═════ Records to use ═════

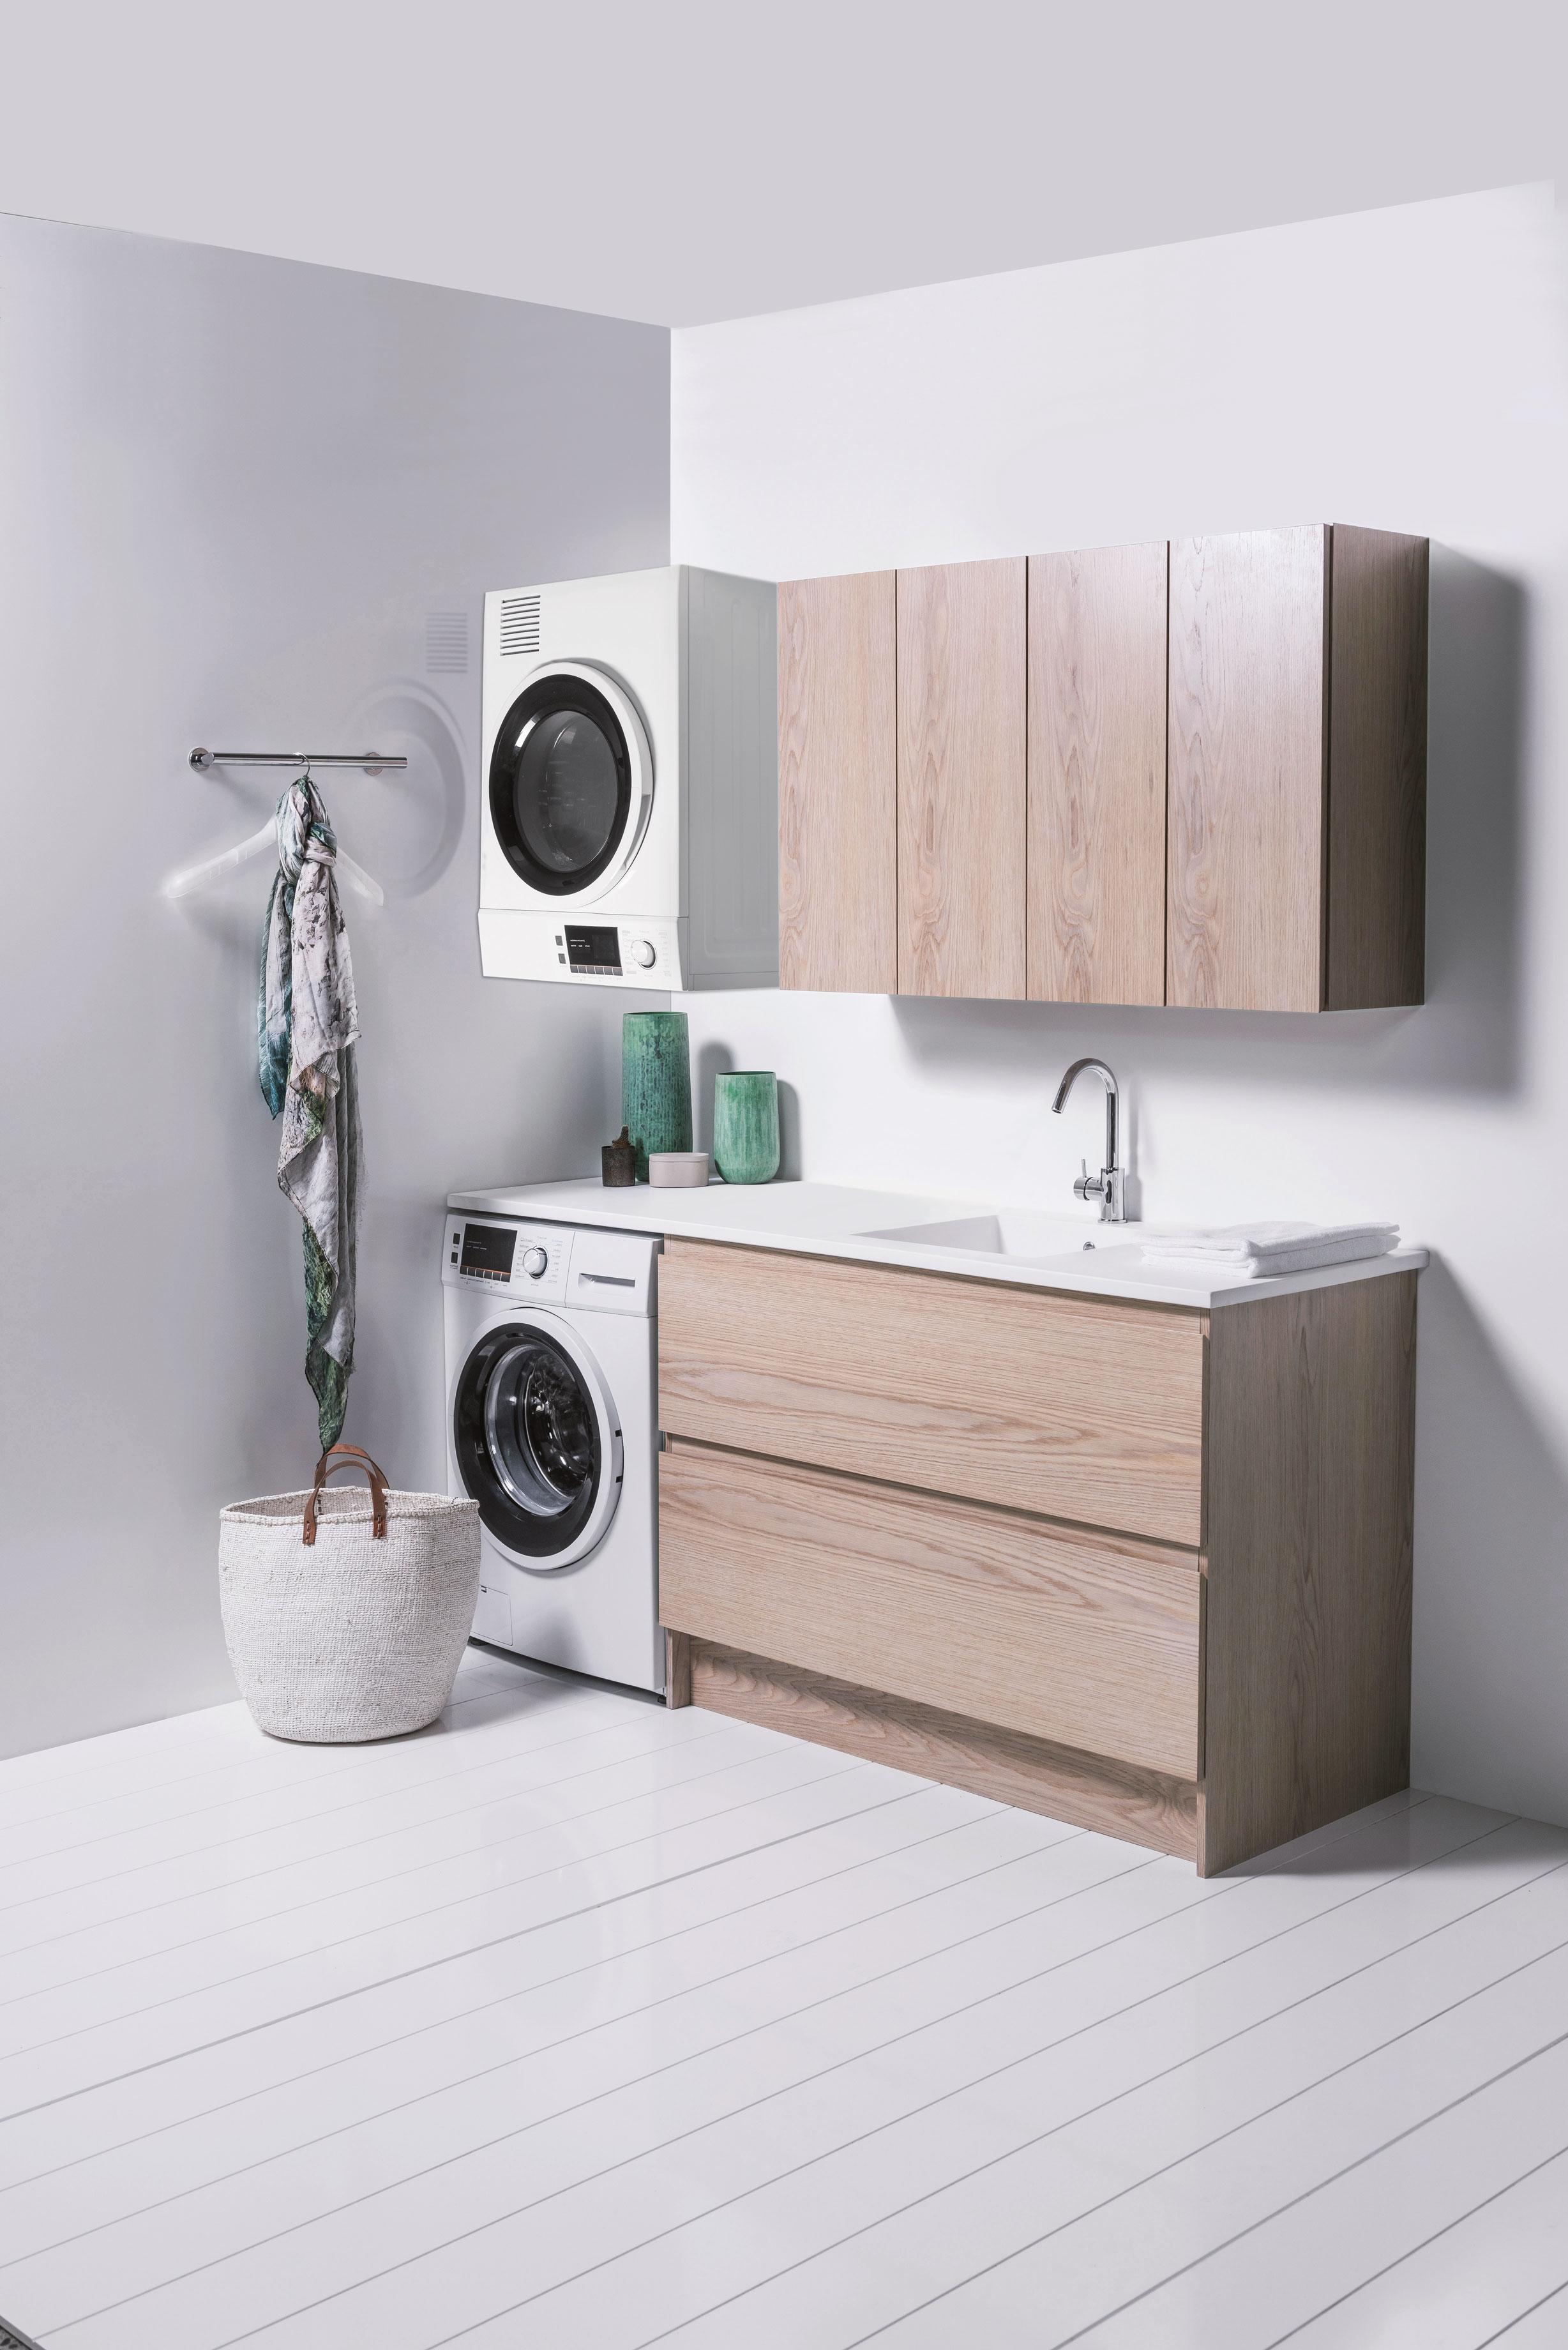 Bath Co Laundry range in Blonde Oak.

═════
═════ Records to use ═════

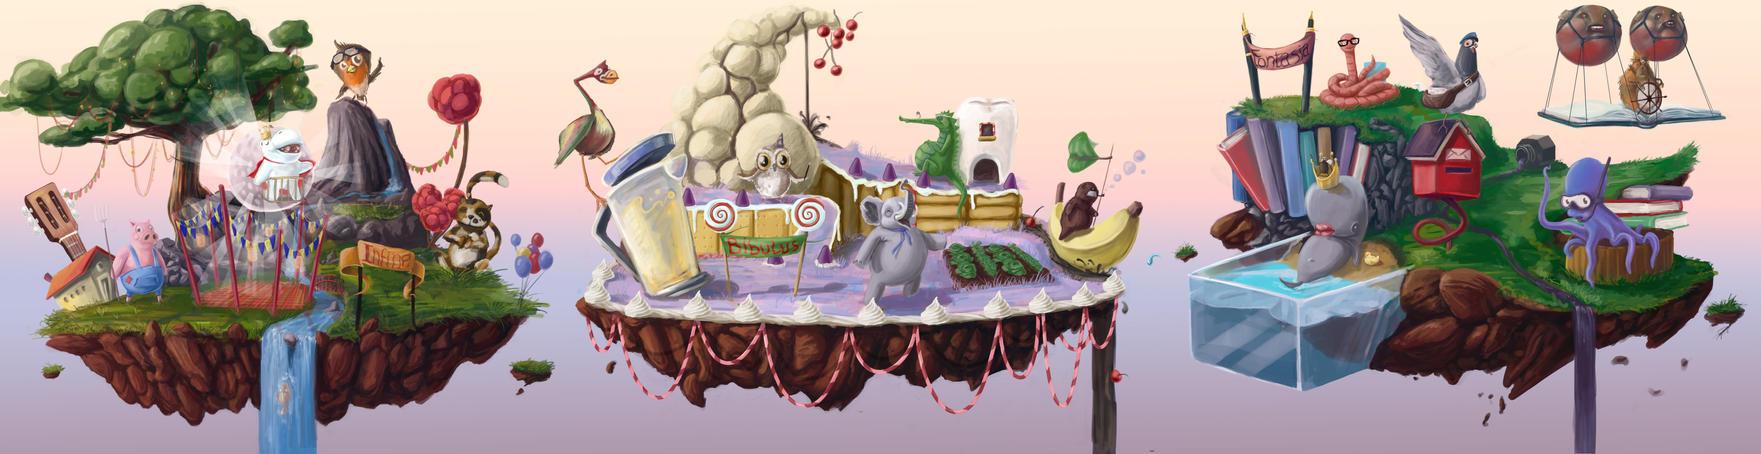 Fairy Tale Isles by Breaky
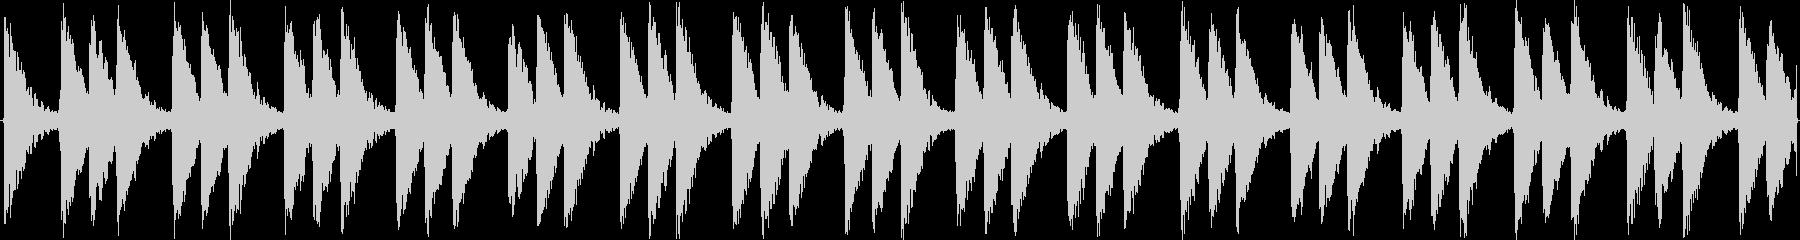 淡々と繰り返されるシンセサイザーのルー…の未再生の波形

═════

### What you need to do:
Working from the entries above, reproduce exactly and only the lines beginning with the line that has "Fairy Tale Isles by Breaky" and ending with the line that has "淡々と繰り返されるシンセサイザーのルー…の未再生の波形"; omit all pictures.

### Written answer:
 Fairy Tale Isles by Breaky
 淡々と繰り返されるシンセサイザーのルー…の未再生の波形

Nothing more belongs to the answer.